With all of those steps happening before the patient is treated, hospitals looked at 90 minutes as the fastest time possible.

That time, however, was beaten by a handful of hospitals around the country that found ways around those steps, while still having the ability to treat patients effectively.

“[These hospitals] had the paramedics transmit the electrocardiogram to the hospital, they had the emergency room doctor make the call on if it was a heart attack or not and they pressed a button which pages all the staff who needed to be present” Kolata says.

With the improvements, those hospitals were able to get their heart attack patients treated within the golden hour if not less. Kolata also says that competition between doctors helped decrease the times.

Door to balloon, or “D to B,” time became the ultimate sign of success.

“They call it door to balloon time. Door for when you come through the door. Balloon for when they open your arteries with a balloon. Each hospital and doctor wanted to be the best and have the best time and all of a sudden times started dropping all over the nation,” Kolata says.

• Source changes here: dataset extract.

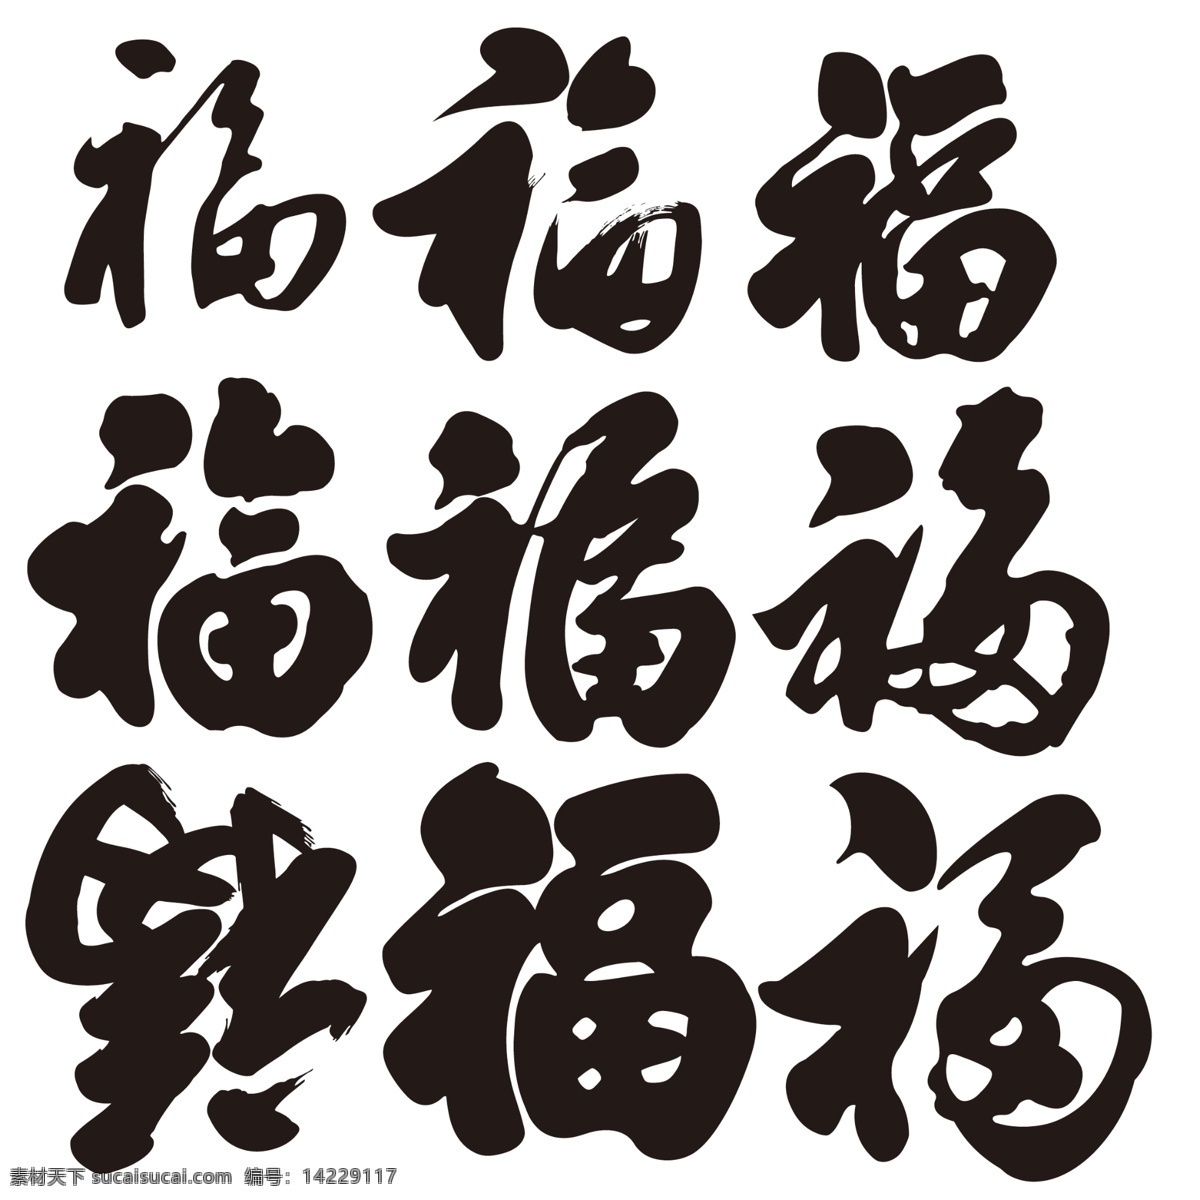 福字 福字字体 字体设计 字体库 各种福字 分层 源文件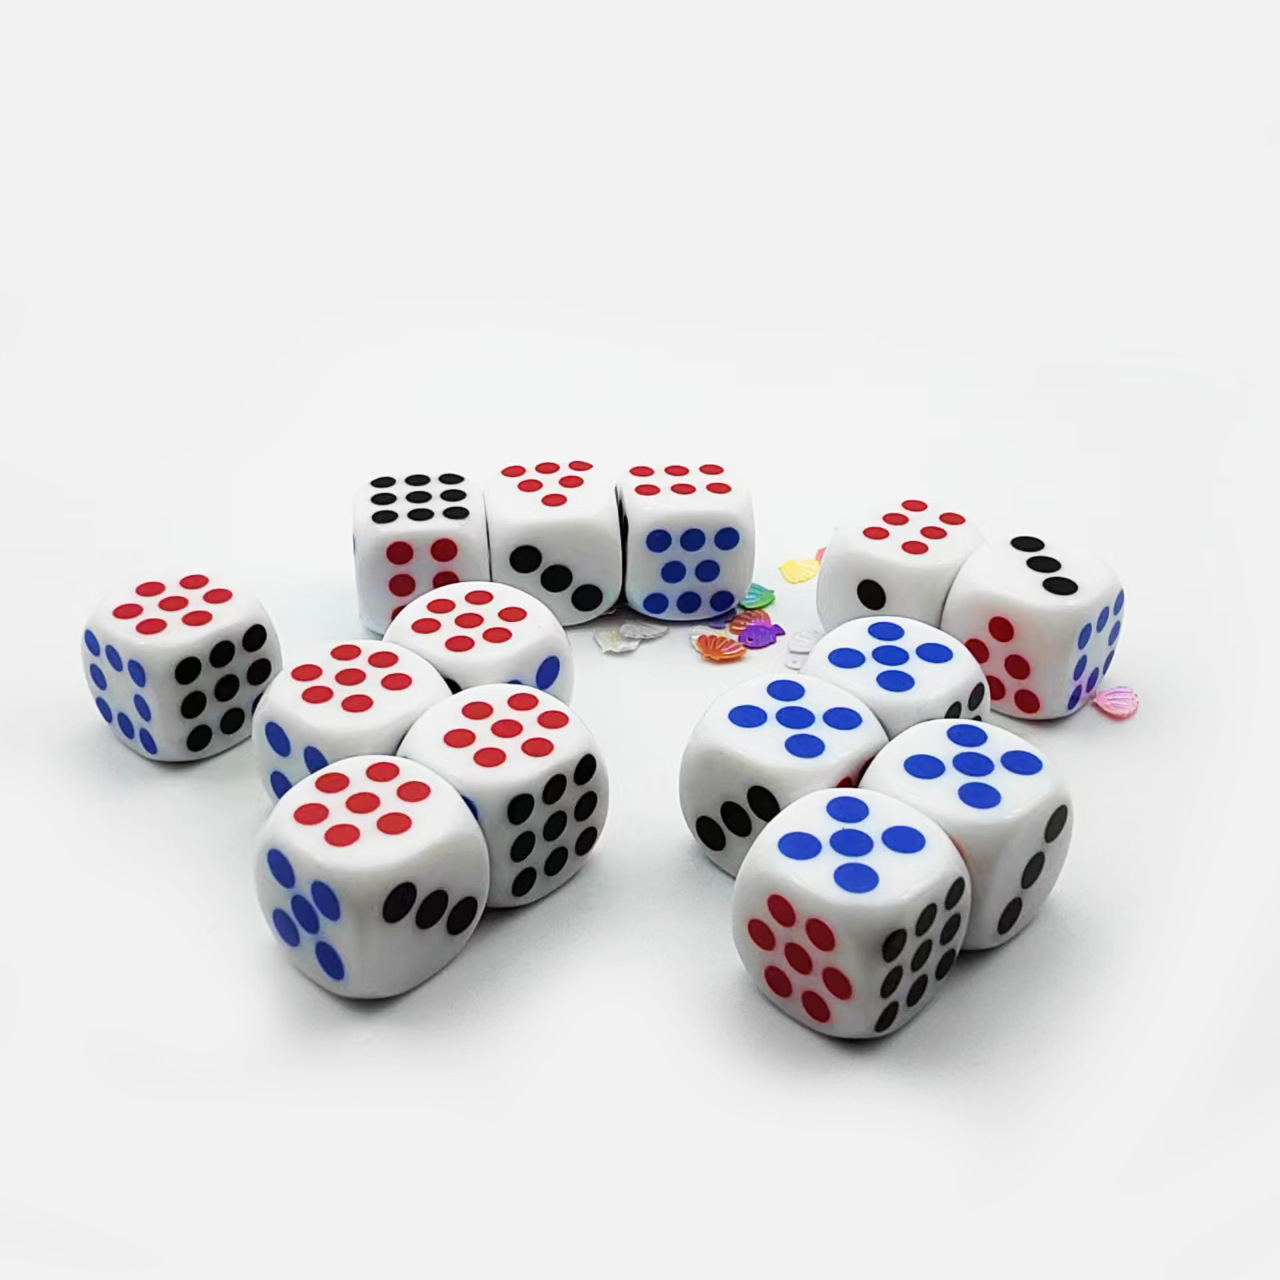 骰子 游戏 玩 - Pixabay上的免费图片 - Pixabay

With the national average below an hour, most hospitals were able to treat more patients they wouldn’t have been able to treat in the past with, as Kolata says, the population of those being treated expanding as a result.

“There has been a dramatic downhill slope in the past 50 years in heart disease death with the latest factor in the decline stemming from the decline in heart attack treatment times,” Kolata says.

With the death rates gradually declining and minor adjustments continuing to work, Kolata believes that heart disease deaths could fall from the top cause of deaths in the United States within the next few years.